In time, when you were permitted to walk outside, you learned that this species had arisen from a planet with a core of compressed nitrogen, which slipped into the atmosphere hundreds of times each minute, only to be sucked back inside, producing an endless cacophony everywhere outside. Very few organisms on this planet have evolved hearing organs, as such a development would have precluded higher thinking functions and/or survival. Occasionally babies are born who never stop twitching, experience terrible pain, and die of unknown neurological causes in a matter of weeks; the planet's healers call this phenomenon "Random Expiration of Babies," or "R.E.B.," and devote the bulk of their money and attention to other, newer diseases.

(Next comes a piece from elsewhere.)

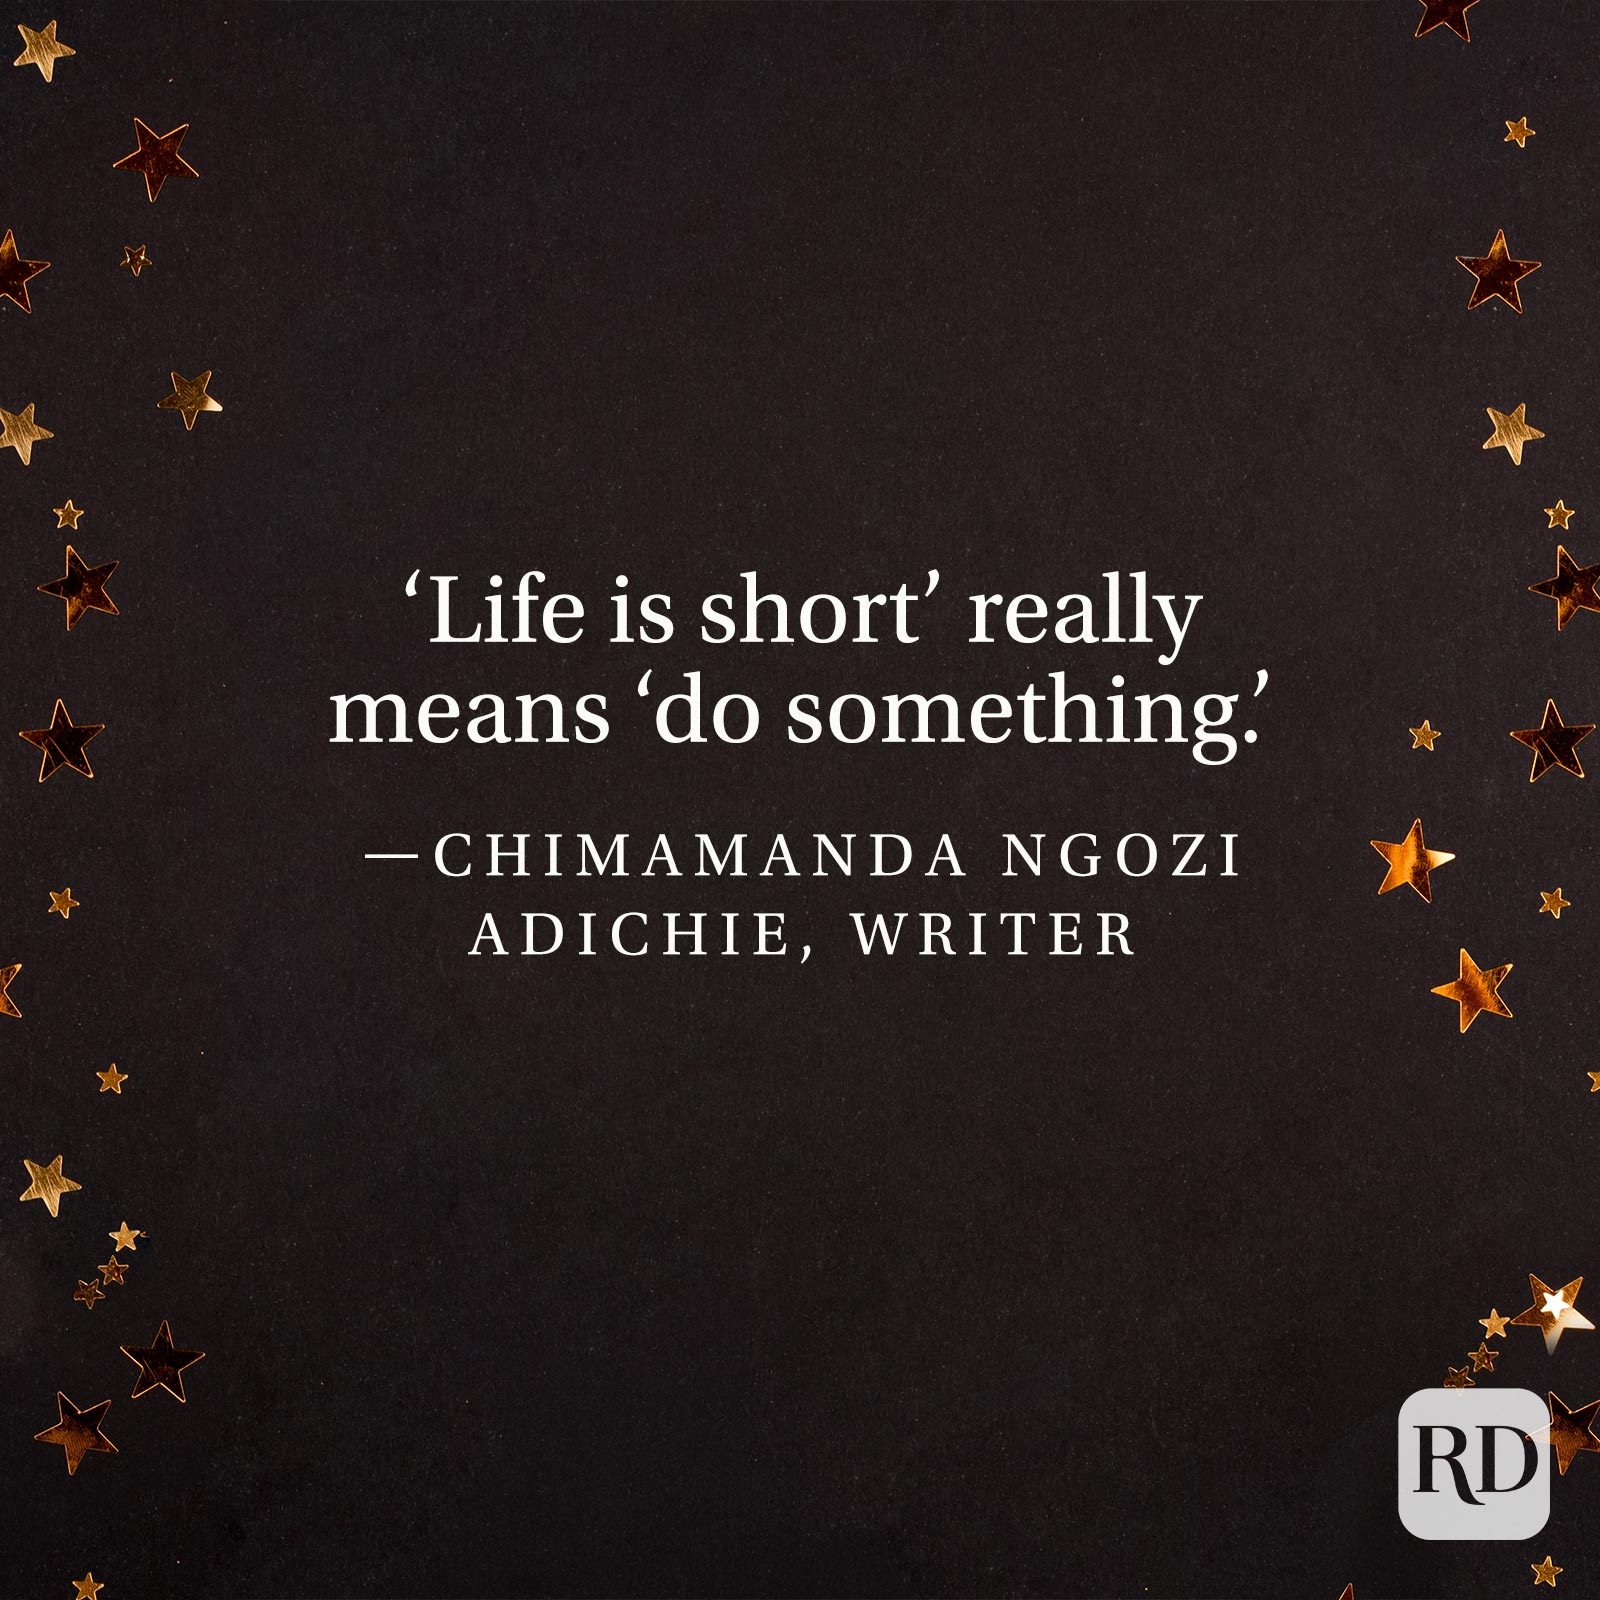 "'Life is short' really means 'do something.'" —Chimamanda Ngozi Adichie, writer

One unorthodox alien scientist, convinced that you might be onto something, makes you some earphones, trusting that this will diminish your pain. It does, although by then, you have lost much of your hearing anyway, due to the constant barrage of noise. This scientist tries to work with you to better understand the nature of this supernatural concept known as "sound." Everyone else feels that she is crazy and irrational, but she persists. Your friend studies your ears, taking a number of highly detailed internal photographs, and presents her findings to her colleagues, suggesting that these insensible genetic dead-ends might have something to do with visualizing a different spectrum of light, which your culture might have deified as a demigod known as "sound." Her colleagues lambast her with examples of other useless or marginally useless organs found in their own bodies, including many misunderstood portions of their two-part brains, and suggest that your "E-A-R-S" are similar to many of the "dark regions" that characterize their own neurology. When your friend persists in pursuing her radically irrational supernatural fantasies, she loses her license, and is no longer granted access to the giant hospital where you are being stored along with test subjects from other planets.
Who's crazy now?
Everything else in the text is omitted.